In this appeal, the complainant, as a union, did not challenge the constitutionality of section 25 of the LRA, but argued that a correct interpretation of Section 21 (8C), which provides that the CCMA may grant registered unions certain rights that do not conform to the thresholds of representation set by a collective agreement, resulted in the agency agreement between the employers and the majority union being out of place. The international labour organization agreements do not address the legality of agency fee rules, leaving the issue to each nation.  The legal status of agency-boutique agreements varies considerably from country to country, from prohibitions of the agreement to a comprehensive settlement of the agreement to an unmentioned agreement. Therefore, because the source of agency fees and union fees are different, there is no double payment. An agency office is a form of union security agreement that allows the employer to hire trade unionists or non-union workers and where workers are not obliged to join the union to remain active.  However, the non-unionized worker must pay a fee to cover the costs of collective agreements.  The tax paid by non-union members in the agency shop is called “agency fees.”   In the recent case between the Municipal Trade Union and the allied SA/Central Karoo District Municipality – Others, the Labour Tribunal (LAC) was required to determine whether minority union workers were exempted from paying the Agency-Shop`s contractual costs, in accordance with Section 21 (8C) of Labour Relations Act 66 (LRA) of 1995, which resulted from an agency-boutique agreement between the employer and the majority union within the meaning of Section 25 of the A. The Company and the Agent want to enter into an agreement under which the agent will market and sell the product on the terms and conditions. In dismissing the appeal, the LAC found that the source of the agency fee requirement was different from that of members` dues.

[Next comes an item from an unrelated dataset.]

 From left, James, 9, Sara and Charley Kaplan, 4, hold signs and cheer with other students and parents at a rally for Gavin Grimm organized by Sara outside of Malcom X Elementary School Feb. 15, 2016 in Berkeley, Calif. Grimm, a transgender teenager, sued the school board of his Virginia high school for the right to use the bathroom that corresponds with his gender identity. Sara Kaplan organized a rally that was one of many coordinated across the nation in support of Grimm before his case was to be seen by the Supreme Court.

The LAC estimates that agency fees are paid by the employer to the majority union activity in section 25 of the LRA agreement. That`s how the statue is needed. These fees are paid for work that is done to promote the interests of workers through collective bargaining, without forcing the parasites to join the majority union. On the contrary, union fees are payable within the meaning of an agreement between the union and its member. If, instead of an introductory agreement, you need an agreement creating an agent-in-principle relationship, you should use one of the agency agreements in the sub-file of agency, sales and franchise agreements instead of one of the agreements in this sub-file. If the agency`s shop is illegal, as is the case in the labour law of U.S. public sector unions, a “fair sharing commission” can be agreed by the union and the employer.   The provision requires non-union workers to pay a “fair proportional fee” to cover the costs of the union`s collective bargaining. The “fair share” is similar to the agency shop, but it is generally more restrictive, which can be charged to the non-member. [Clarification needed]   In Canada, agency fees are generally referred to as a marginal formula.  In the United States, in June 2018, Janus declared unconstitutional the mandatory payment of agency fees for non-unionized public sector employees to Janus against AFSCME. With this conclusion, the LAC upheld the earlier decision of the labour tribunal, which decided that the arrangement agreements involved members of minority unions, even if it meant that they had to pay both their own union fees and agency fees.
The union argues that because of the extension of the LRA`s Section 21 (8C) detention rights, its members should have been excluded from paying agency contract fees (agency fees) because they could not afford to pay both taxes.